You can test this real quick. Save the page and open the page in an incognito browser to see what a user sees when they aren’t registered yet.
Note: If you want you can create an additional register page for this use case so that you can include a more specific call to action like “Sorry, you currently don’t have access to this content, please register below.” with the register form below that.
Adding your payment gateway
At this point you will want to make sure your payment gateway is integrated with Restrict Content Pro. You can do this by navigating to Restrict > Settings and clicking the Payments tab. There you can choose which gateways you want to enable as well as enter the info needed to integrate the gateway. You have nine options to choose from including Stripe and Paypal.
I won’t go into the detail involved in setting those up, but my advice is to make sure and test your payment gateways thoroughly to make sure they work. You don’t want to lose money.

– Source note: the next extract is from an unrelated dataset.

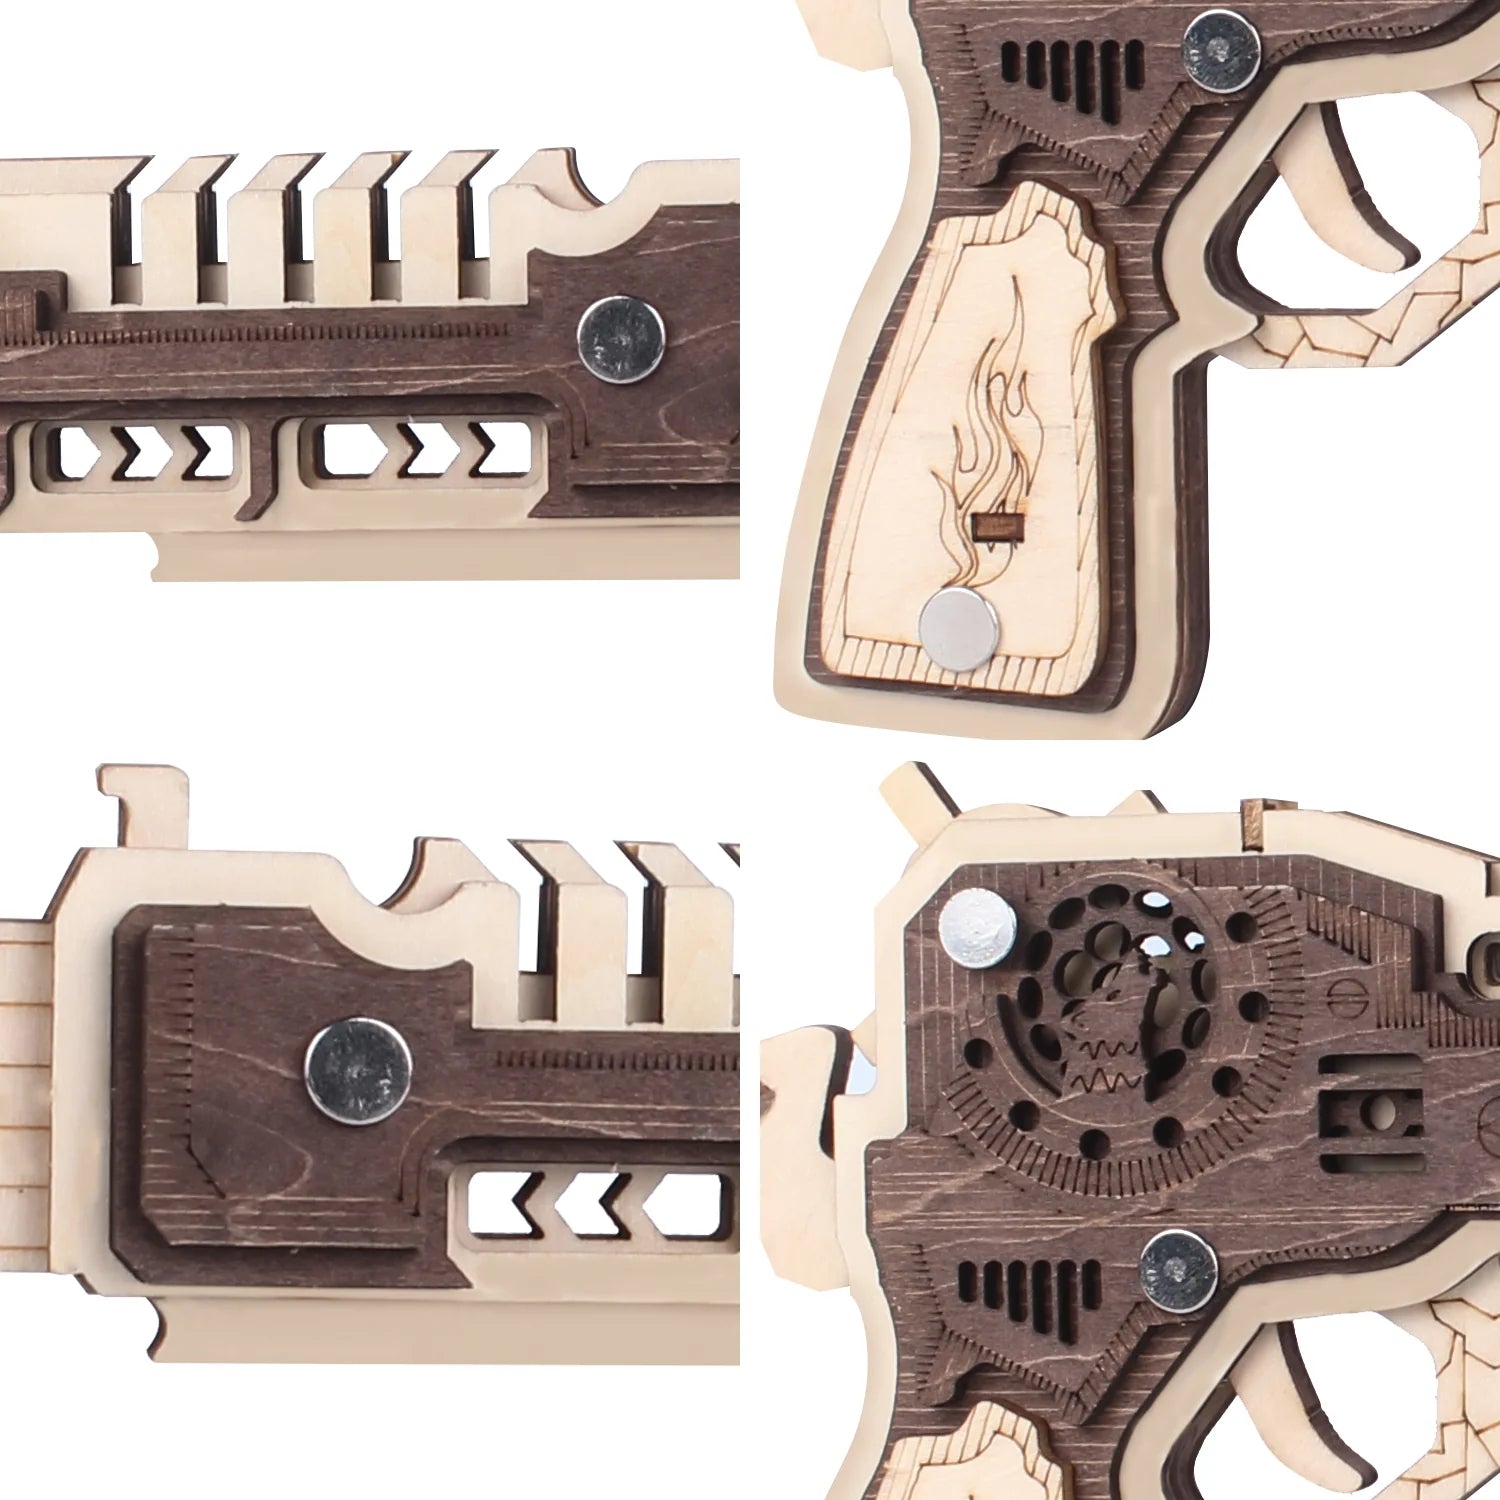 Wooden Toy Gun Puzzle Desert Eagle Band Gun

Customizing your email Notifications
Restrict Content Pro allows you to customize a notification email both for the new member and the admin whenever a new member registers. Take advantage of this option by including a good call to action in the email body that encourages the user to start the course with a link to the first lesson. You can find the email setting by going to Restrict > Settings and click the Emails tab.
Optional Email Marketing Integration
You may have a Mailchimp or Aweber account that you want to add members to when they register. You can do that by with one of the many add-ons available with the Restrict Content Pro plugin. Simply navigate to Restrict > Add-ons and find the email platform you want.
Now that you have setting up your e-course website, you will still have to finish setting up all of your content for each page, adding url’s to the buttons, many other tweaks. But the foundation has been set. Hopefully this gets you set up with a platform you can easily build upon.
One could argue that with all of the great tools out there in the world of WordPress, you can get an online course up and running pretty easily. But then there is the challenge of design. Getting those sites to look decent isn’t easy if design is not your forte. Fortunately, the pre-made Divi layouts like the “Learning Management Layout Pack” offer a great solution to the design problem. The layout is functional and beautiful right out of the box.
But then there is the problem of finding the right plugins to transform your beautiful layout into a functional online course. There are many great membership plugins and Learning Management Systems out there with varying degrees of cost and complexity. The goal of this post was to get you up and running with a great looking e-course site with simple membership at a low cost. For those of you hoping to create this using free plugins, sorry to disappoint. I’m all about the free plugins, but I thought it best to use the Pro versions for this tutorial because the end result is worth every penny in my opinion.